How It Feels to Be Offline for a Day
Spoiler: we survived. But there was a bird detective, no watch, and a bill we couldn’t pay.
We asked for the bill. The waiter came smiling. We reached for our pockets and realized we had no way to pay.
No phones. No wallets. Just two people blinking at each other and laughing nervously. We’re so used to paying with Apple Pay, we didn’t think about this small detail when we left our phones in the room that morning. It turned out to be just one of several small incidents from the day we decided to go completely screen-free.
We’d been talking about doing a full offline day for a while. But on a regular day at home, it felt… unrealistic. Too many reasons to need the phone at reach.But we were away on a long weekend break, and that felt like the perfect time to try.
By the end of the day, we both wanted to do it again. But we also learned just how deeply phones are stitched into the fabric of our lives, in ways we hadn’t fully noticed before.
But what I also realized is that I’m not as dependent on my phone as I thought. I expected withdrawal. I thought I’d fidget or reach for it unconsciously. But… nothing. I didn’t miss it.
What I did miss, surprisingly, was the time.

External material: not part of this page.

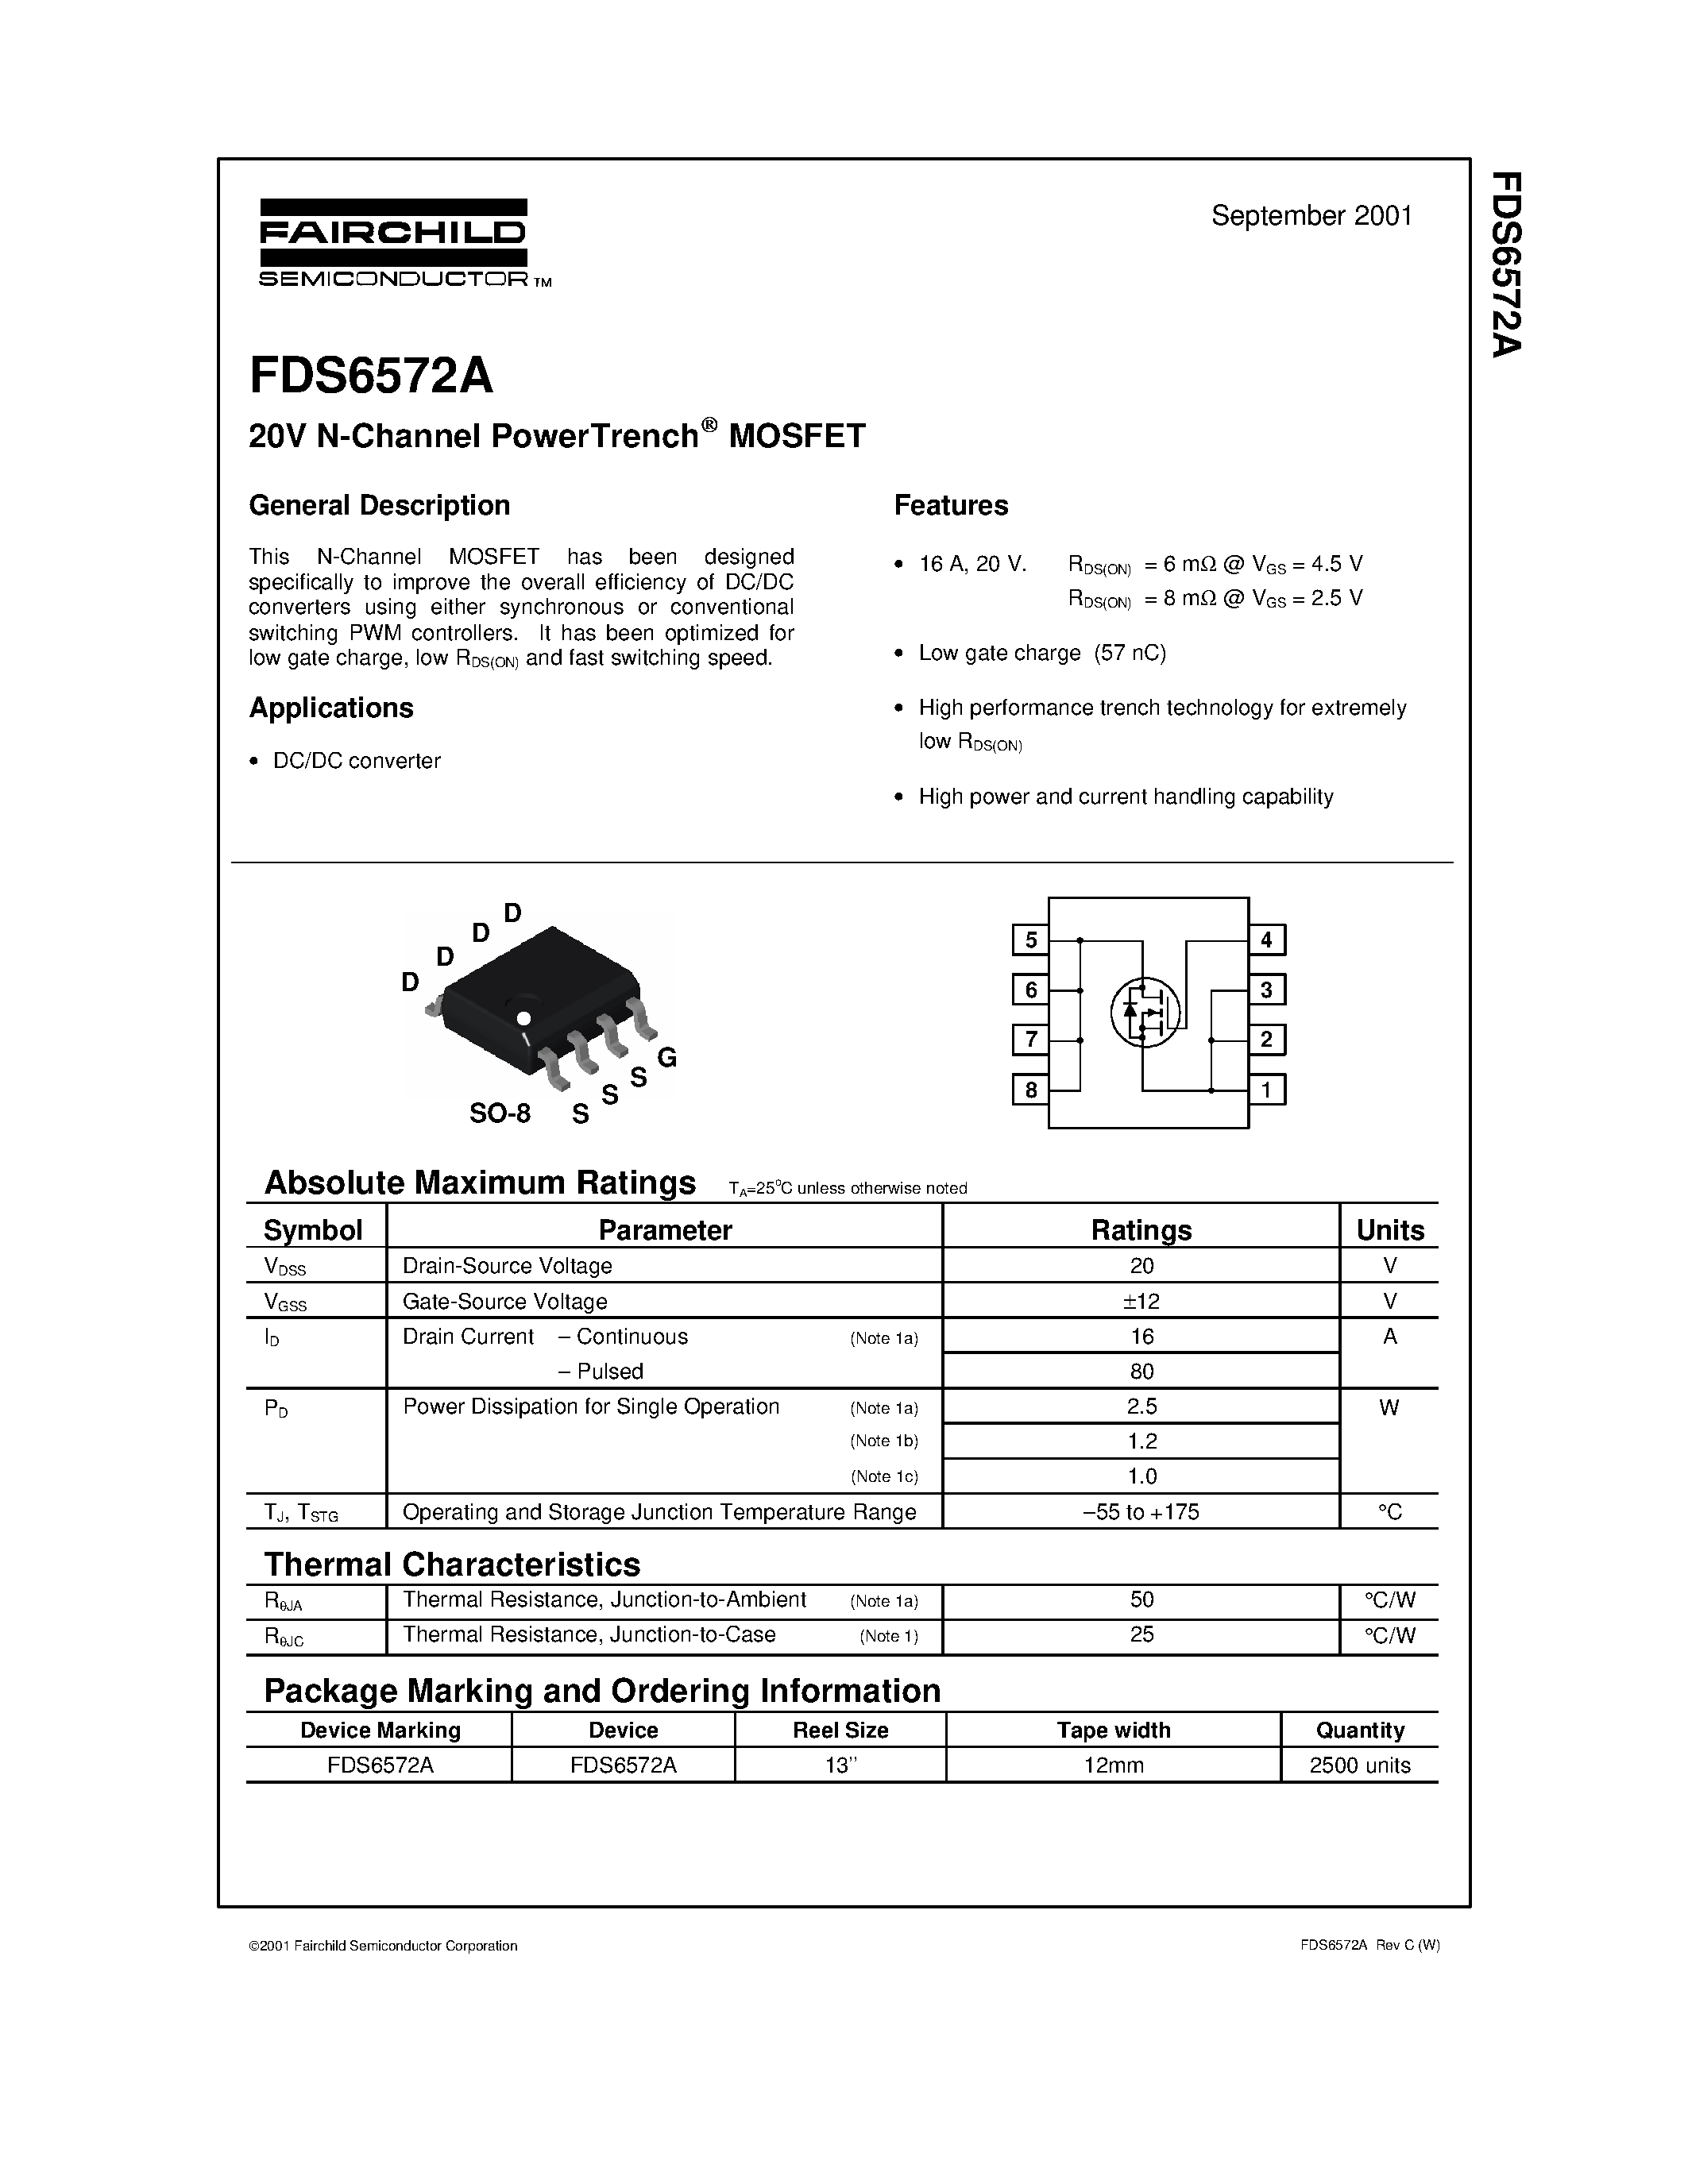 Datasheet FDS6572A - 20V N-Channel PowerTrench MOSFET page 1

I hadn’t realized how many times a day I check it. Not actively, but passively, through a glance at the screen, a phone, a laptop, a microwave. The modern world is saturated with clocks. When that’s taken away, you notice. I found myself disoriented a few times, and realized: if I do this again, I need a watch.
There was one thing that popped up a few times during the day, a low hum in the back of my mind: What if someone from my family needs something? We don’t talk every day, but the thought still crept in. That little thread of worry, not overwhelming, just… present.
At lunch, we had a great salad. Normally I’d snap a photo to remember it. But this time, with no phone, I just stared at the plate and repeated the ingredients to myself like a spell I didn’t want to forget. And guess what? A week later, I recreated the salad from memory. Which is funny, because I have dozens of food photos I’ve never looked at again, but somehow, the act of really looking helped it stick. There’s something about making an effort to remember that makes the memory stay.
Later, my partner noticed a huge number of a particular bird species flying around the pool. We’d been there three days and hadn’t noticed. He asked me what kind of bird it was. I had no idea. No Google. No ChatGPT. So he walked off and talked to the hotel staff until he found out: it’s a protected species. And in the process, he came back with three other stories, all from that one little mission. A question, a walk, a few conversations, and we suddenly knew more about the place than in the previous three days combined.
With nothing to do in the in-between moments, I either read or people-watched. By the end of the day, I’d finished my book. We also had a full mental map of the families staying at the hotel, their dynamics, nationalities, quirks. Not because we were being nosy. Just… present. On previous days, none of that registered.
At the gym, I usually use my phone for music, checking videos, logging workouts. That day, I brought pen and paper instead. For the rest, I interrupted my partner a lot: asking for help, guidance, feedback. He actually liked it. Since then, we’ve been trying to train at the same time, more often.
So, did it radically change our lives? No. Was it incredibly difficult? Not really. But it did change the texture of the day. We noticed more. Talked more. And most interestingly, we ended the day feeling calmer. It was as if our brains hadn’t been running at full bandwidth all day. And maybe that’s part of the tiredness we feel without realizing. The constant, subtle drain of a hundred pings and scrolls.
Ah, and the bill? We just walked back, got our wallets, and spent the rest of the day with old-school plastic cards in our pockets.